Breadth of brands: Within each category that a consumer product company offers, a number of brand names are generally available at different price points to appeal to customers of every income level. For example, P&G offers several different laundry detergents, including Tide, Bold and Cheer. Acquiring Businesses Acquisitions of firms tend to be less frequent than other industries due to companies tending to be very independent of one another. More recently, the nondurable consumer products industry have seen the value of acquiring related companies that can add to their bottom line and remain competitive.

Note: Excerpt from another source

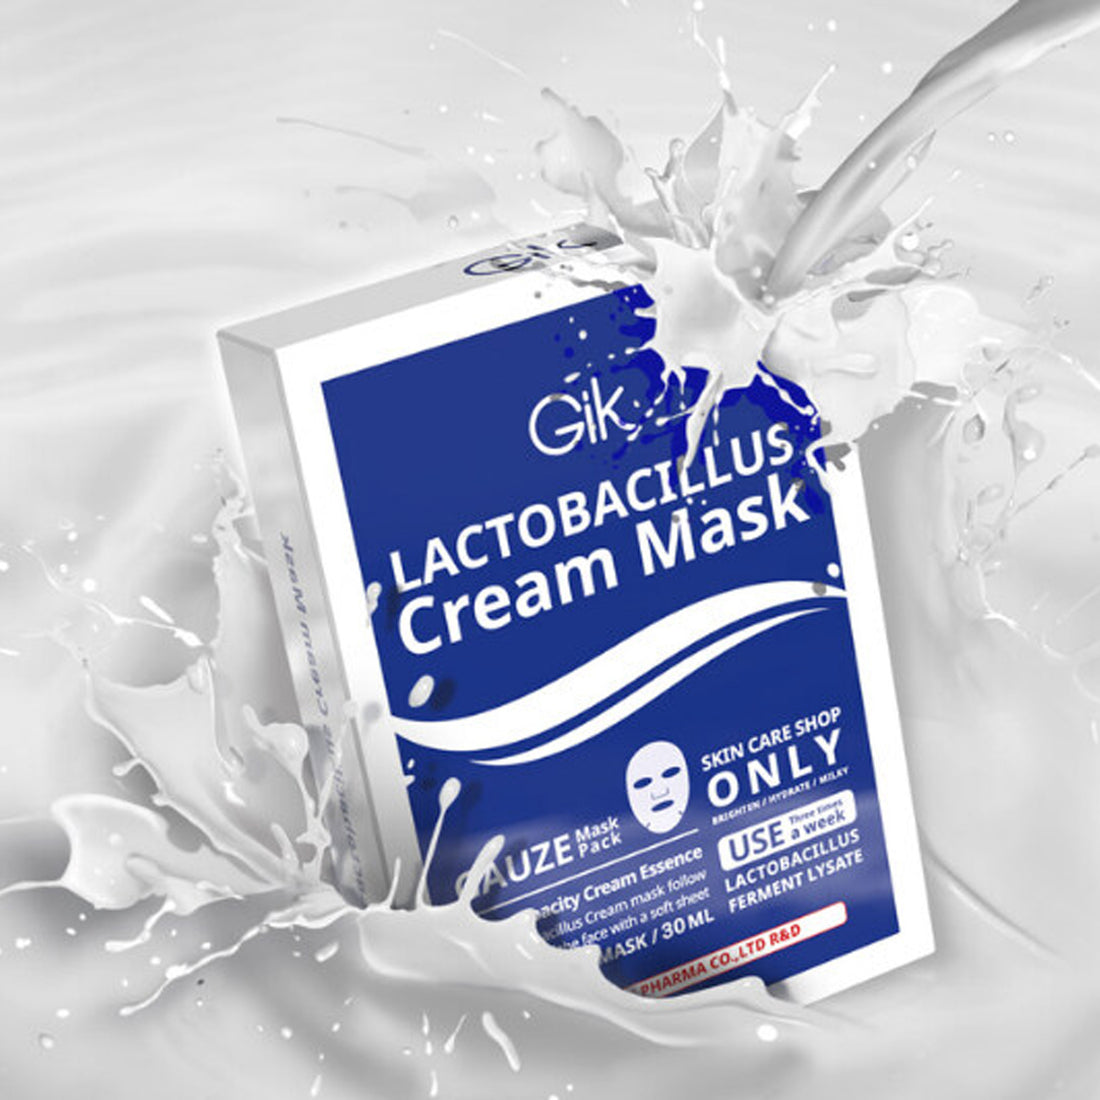 Gik Lactobacillus Cream Mask 5pcs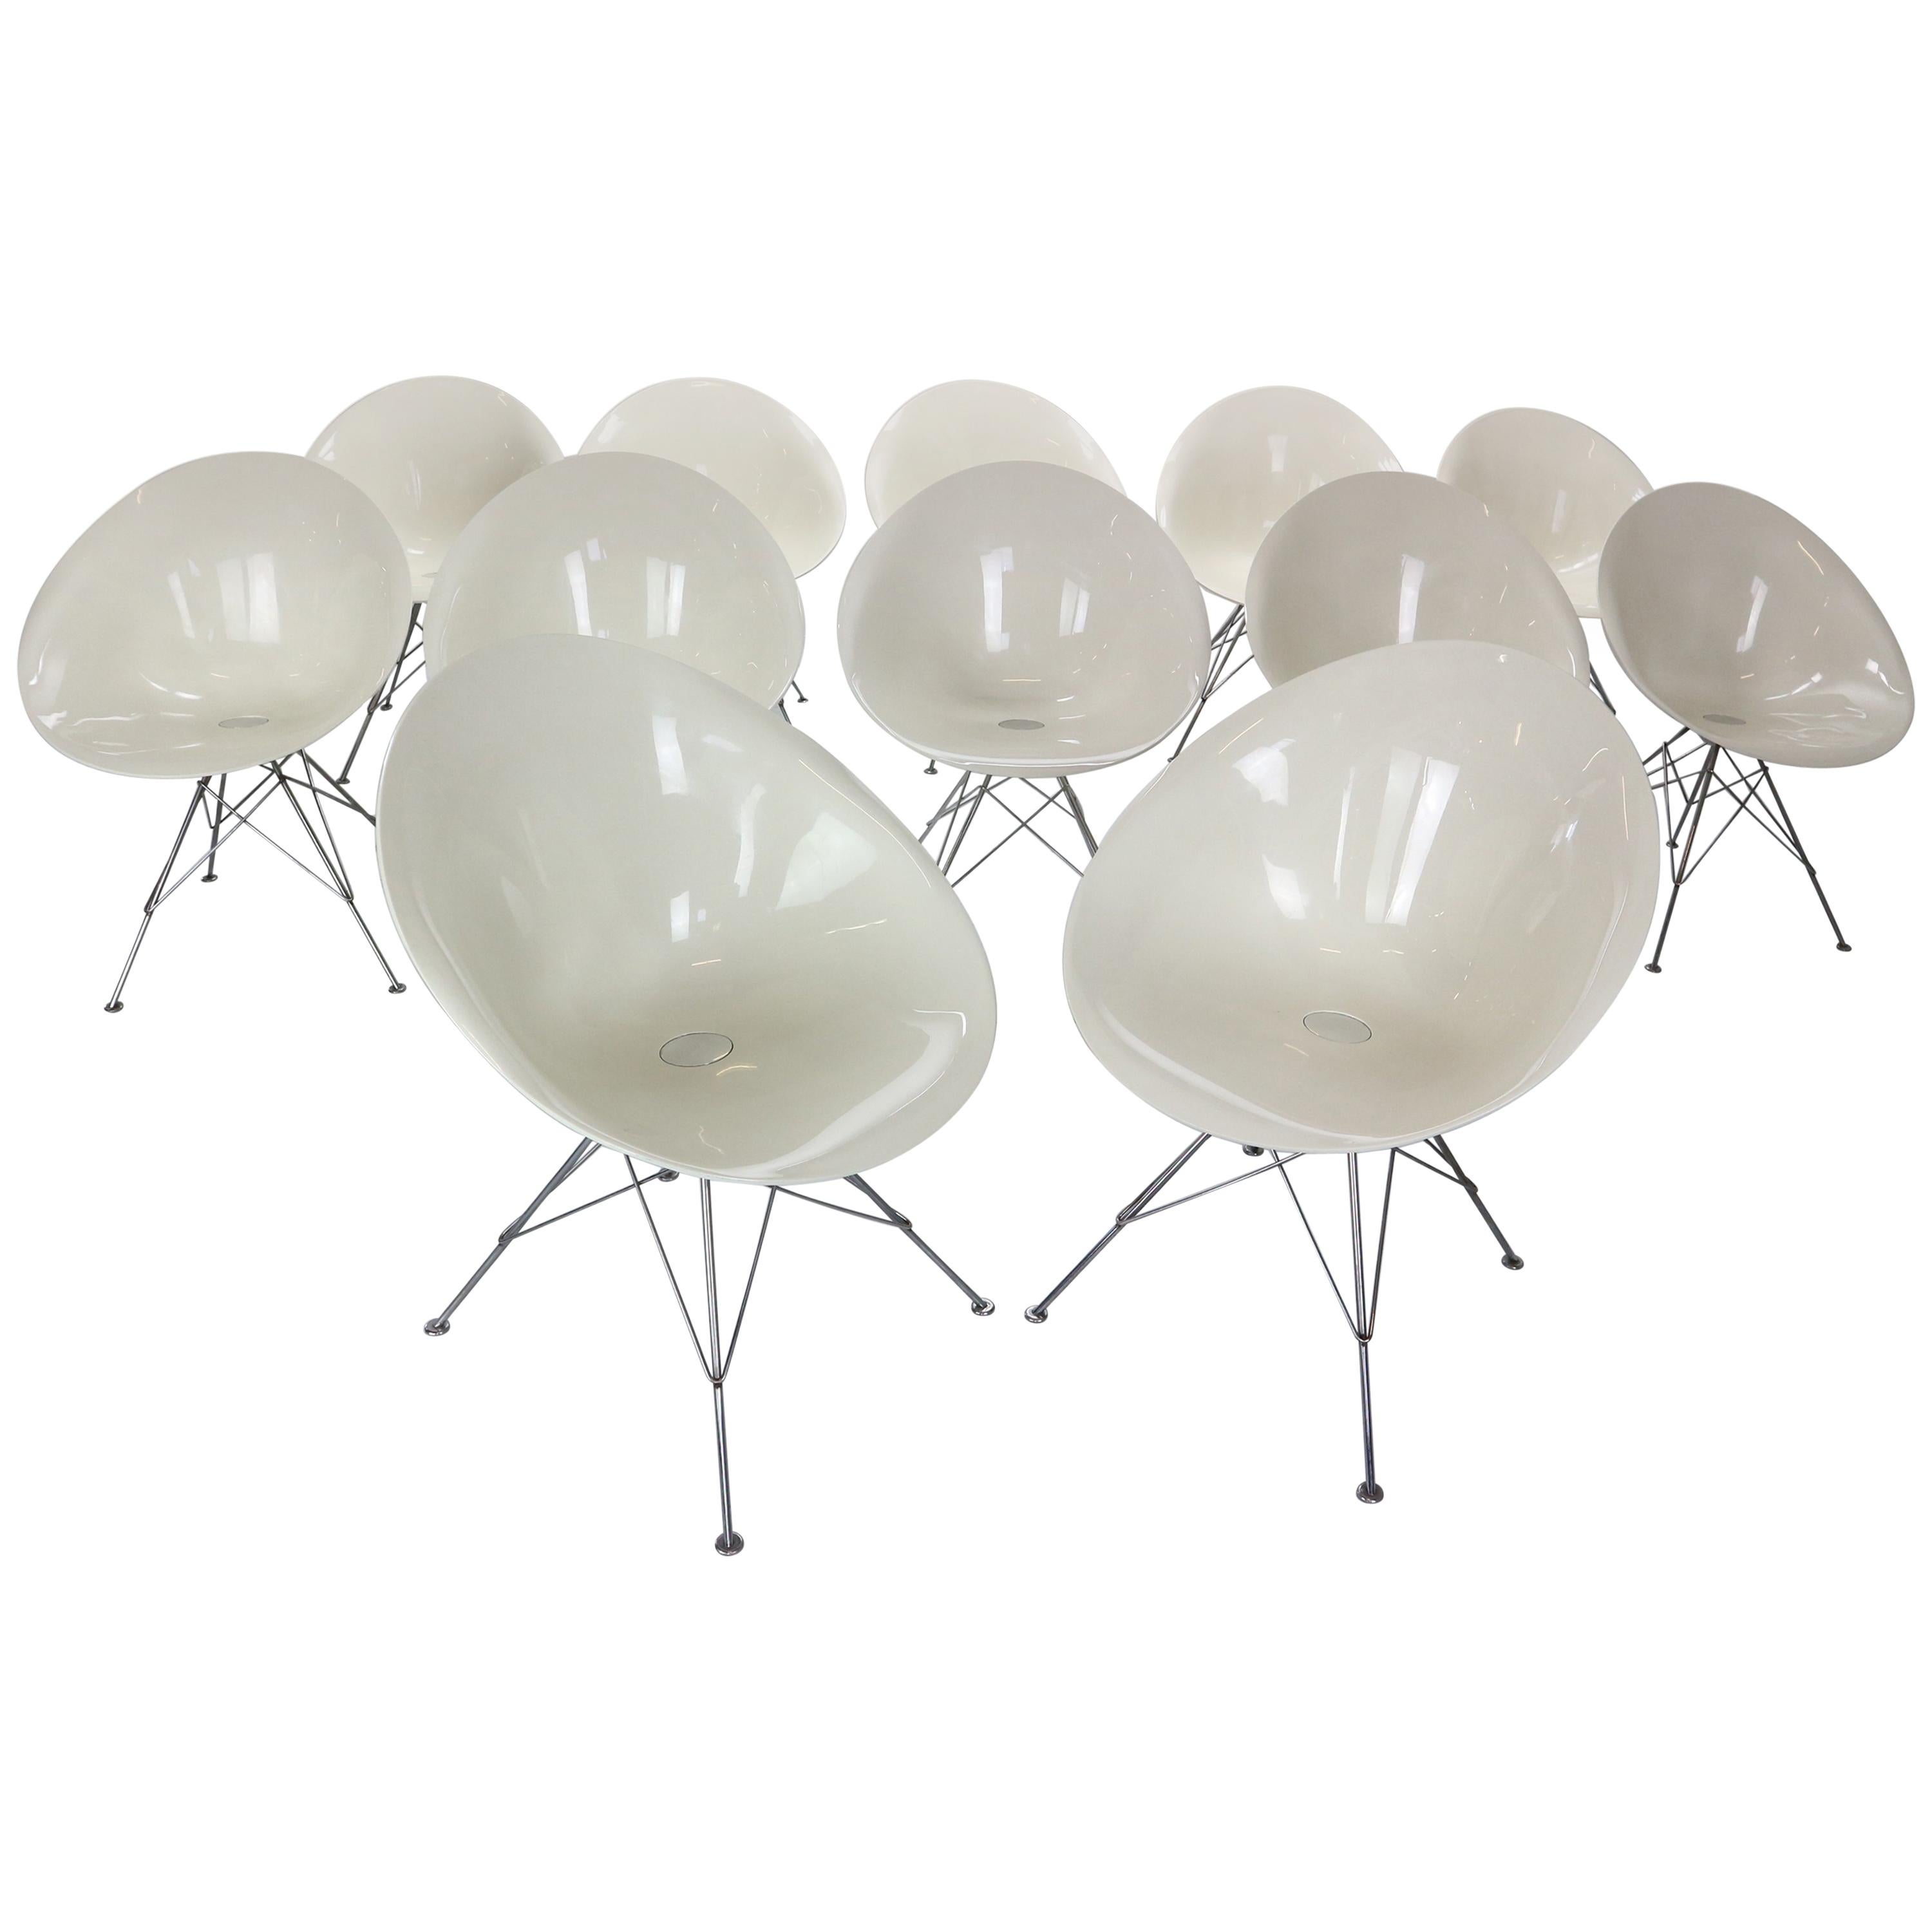 Philippe Starck for Kartell White Lucite "Eros" Italian Chairs, Quantity 6

One example is Clorox which purchased First Brands, the maker of kitty litter, Glad plastics, and STP motor oil, and become the leader in all three categories. 1 Targeting Baby Boomers A driving force behind manufacturers’ creation of new products has been the aging US population. Many new products clearly target baby boomers. According to marketers, these individuals are keenly sensitive about their looks. Thus, skin care and hair coloring are two categories that have shown strong sales increases over the past several years. Advertising
The success of a consumer product often depends on advertising and marketing budget allotted to it. Getting the consumers to accept a completely new product is particularly difficult; it takes tremendous amount of advertising to gain a potential customer’s awareness. P&G is a dominant global marketer, spending approximately $5. 9 Billion on worldwide television, print, radio and internet advertising in 2005. About Procter & Gamble The Procter & Gamble Company was founded by William Procter and James Gamble in 1837, and is headquartered in Cincinnati, Ohio. It manufactures and markets various consumer products worldwide.